Anyway. Stanwyck’s character is supposed to be terribly modern, a career woman without beau or bairn, inept in the kitchen, all thumbs with a baby. (The only one who knows how to take care of a baby is a recently demobbed sailor.) In 1942, I suppose she was terribly modern and quite Stanwyckian. They remade the movie in 1992 with - hoo boy - Dyan Cannon and Kris Kristofferson. Its failure as a piece of cinema may be due to its director. Yes, really. Him.

It’s being remade again, with Jennifer Garner in the lead role. At least it’ll have people in it. Sunday I was sitting in a parking lot enjoying a fresh, small hamburger with lots of pepper, and noted the marquee on the movie theater:

Sherlock Holmes (old characters, redone)

Arthur Christmas (not real)

Chipmunk movie (not real)

The Muppets (based on felt)

Some Loud Action Movie with Wisecracks

Nothing in the way of a simple story, economically told, with a deft plot and a satisfying conclusion. Nothing, in other words, in the way of a well-made B picture. They used to make them by the hundreds.

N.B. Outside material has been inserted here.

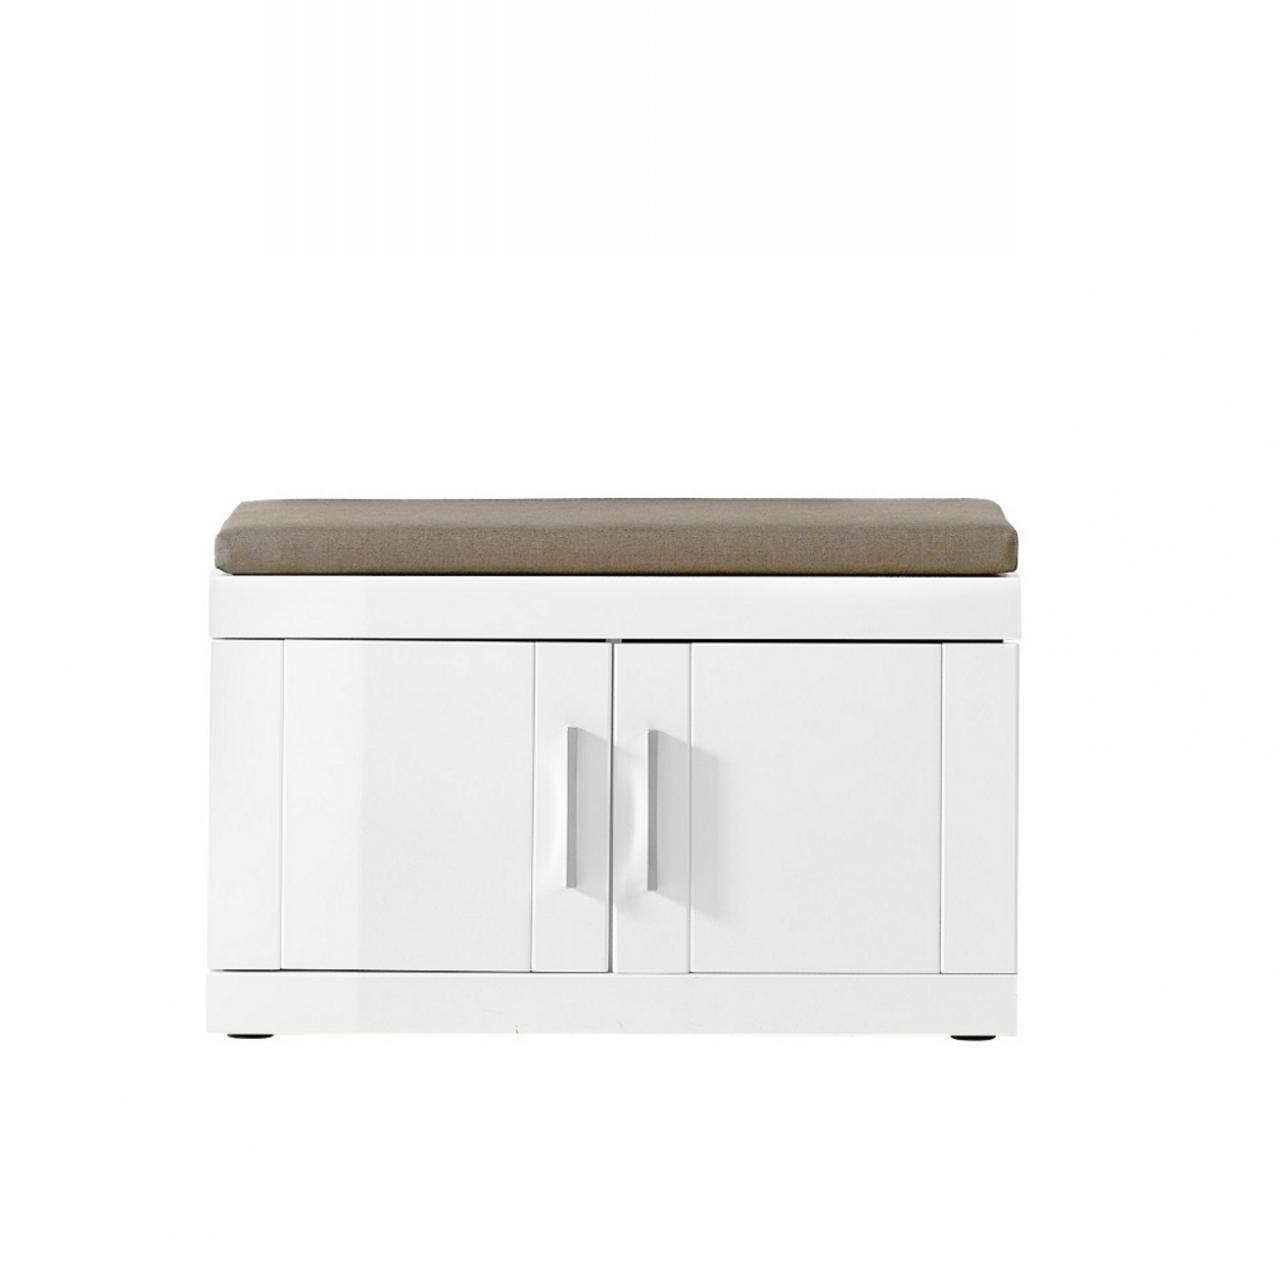 Garderobenbank Juno - Weiß

But it's tempting - oh so incredibly tempting - to mistake these old artifacts for signs of a Simpler & Better Time, which isn't the case. The entertainments have attributes which seem interesting now for their rarity, but the premise of the entire movie is founded on the media's manipulation of its audience to appeal to virtues they honor but do not subscribe to. That gets lost when you see images like this . . .

 

 

. . . and think O, Once It Was So. But it wasn't, even then. Who took a sleigh in the mid 40s? The snow's fake. It was shot in July. Lies, all of it, LIES! But wonderful ones, and harmless. Just because it's fake doesn't mean it didn't happen. Why, there's the proof. Right before your eyes.